Description of key information

AMES test (OECD 471, GLP): negative (CCR 651508, 1997; CCR 704428, 1998)

Chromosomal Abberation test (OECD 473, GLP): negative (RCC 597700; 1998)

Genetic toxicity in vivo

Description of key information

Unscheduled DNA Synthesis test (OECD 486, GLP): negative (Institut Pasteur De Lille FSR-IPL 040012; 2004)

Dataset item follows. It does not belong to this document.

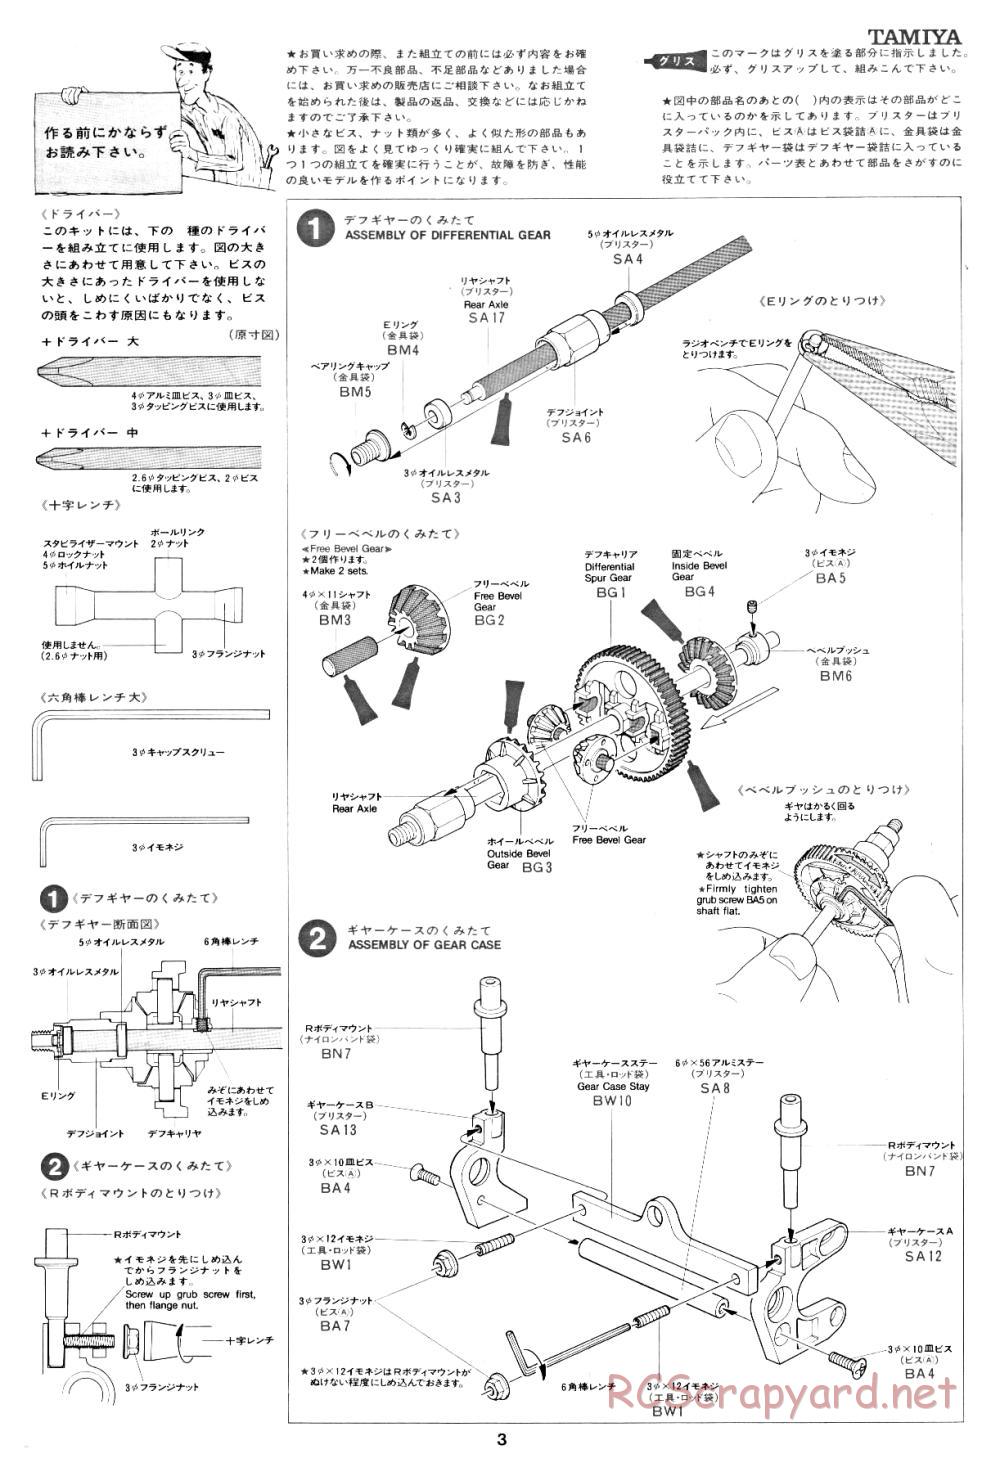 Tamiya - Toyota Tom's 84C - RM MK.6 - 58049 - Manual - Page 3

Micronucleus test (OECD 474, GLP): negative (CIT 25608MAS; 2003)

Additional information

Mutagenicity in bacteria

Bemotrizinol was tested for its mutagenic potential based on the ability to induce point mutations in selected loci of several bacterial strains, i.e. Salmonella typhimurium and Escherichia coli, in two reverse mutation assays:

Study 1 (CCR 651508; 1997):

This study was performed to investigate the potential of Bemotrizinol to induce gene mutations using the Salmonella typhimurium strains TA 1535, TA 1537, TA 98, and TA 100. The test article was tested at the following concentrations: 33.3; 100.0; 333.3; 1000.0; 2500.0; and 5000.0 ug/plate. No substantial increase in revertant colony numbers of any of the four tester strains was observed following treatment with Bemotrizinol at any dose level, neither in the presence nor absence of metabolic activation (S9 mix). There was also no tendency of higher mutation rates with increasing concentrations in the range below the generally acknowledged border of biological relevance.

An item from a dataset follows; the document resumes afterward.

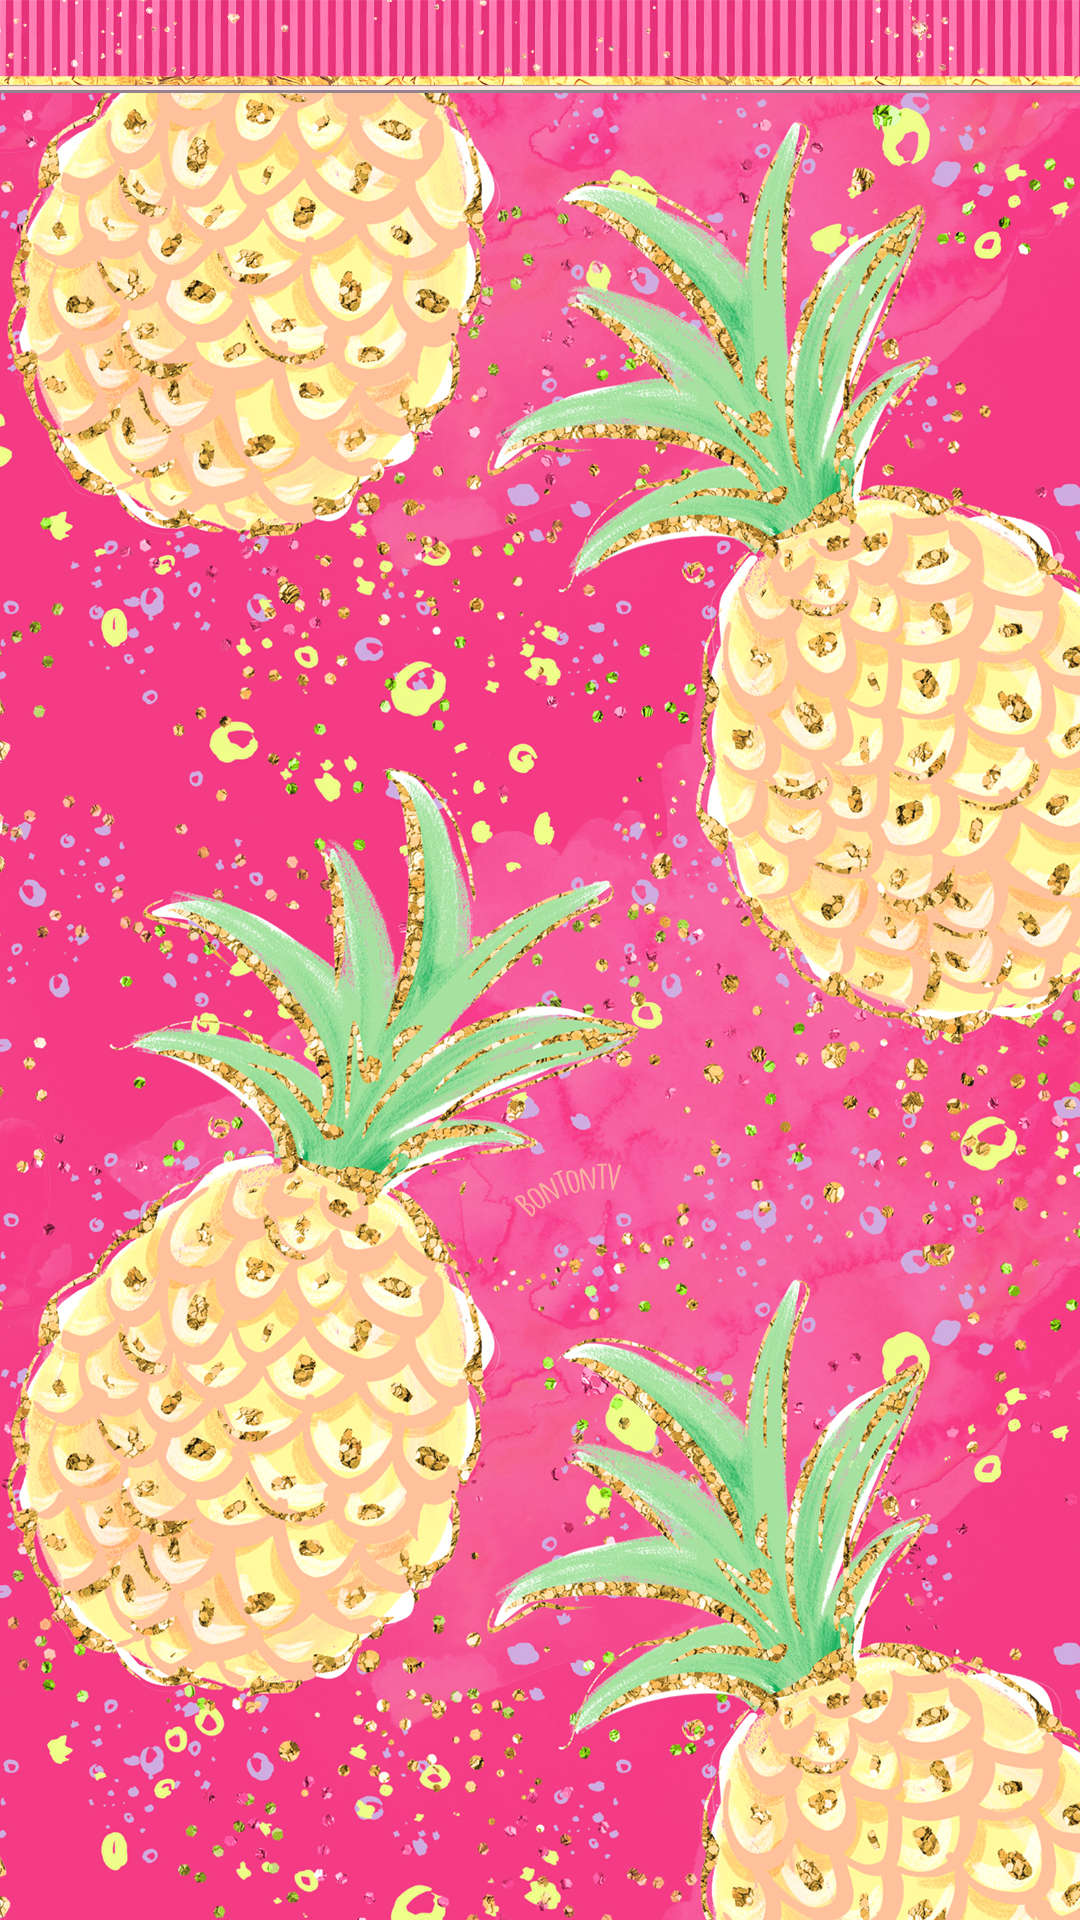 Phone Wallpaper BonTon TV Download iPhone Wallpaper, Androi. Glitter phone wallpaper, Pink wallpaper iphone, Cute summer wallpaper

Study 2 (CCR 704428; 1998):

This study was performed to investigate the potential of Bemotrizinol to induce gene mutations using the Escherichia coli strain WP2 uvrA. The test article was tested at the following concentrations: 33; 100; 333; 1000; 2500; and 5000 ug/plate. No substantial increase in revertant colony numbers was observed following treatment with Bemotrizinol at any dose level, neither in the presence nor absence of metabolic activation (S9 mix). There was also no reproducible tendency of higher mutation rates with increasing concentrations in the range below the generally acknowledged border of biological relevance.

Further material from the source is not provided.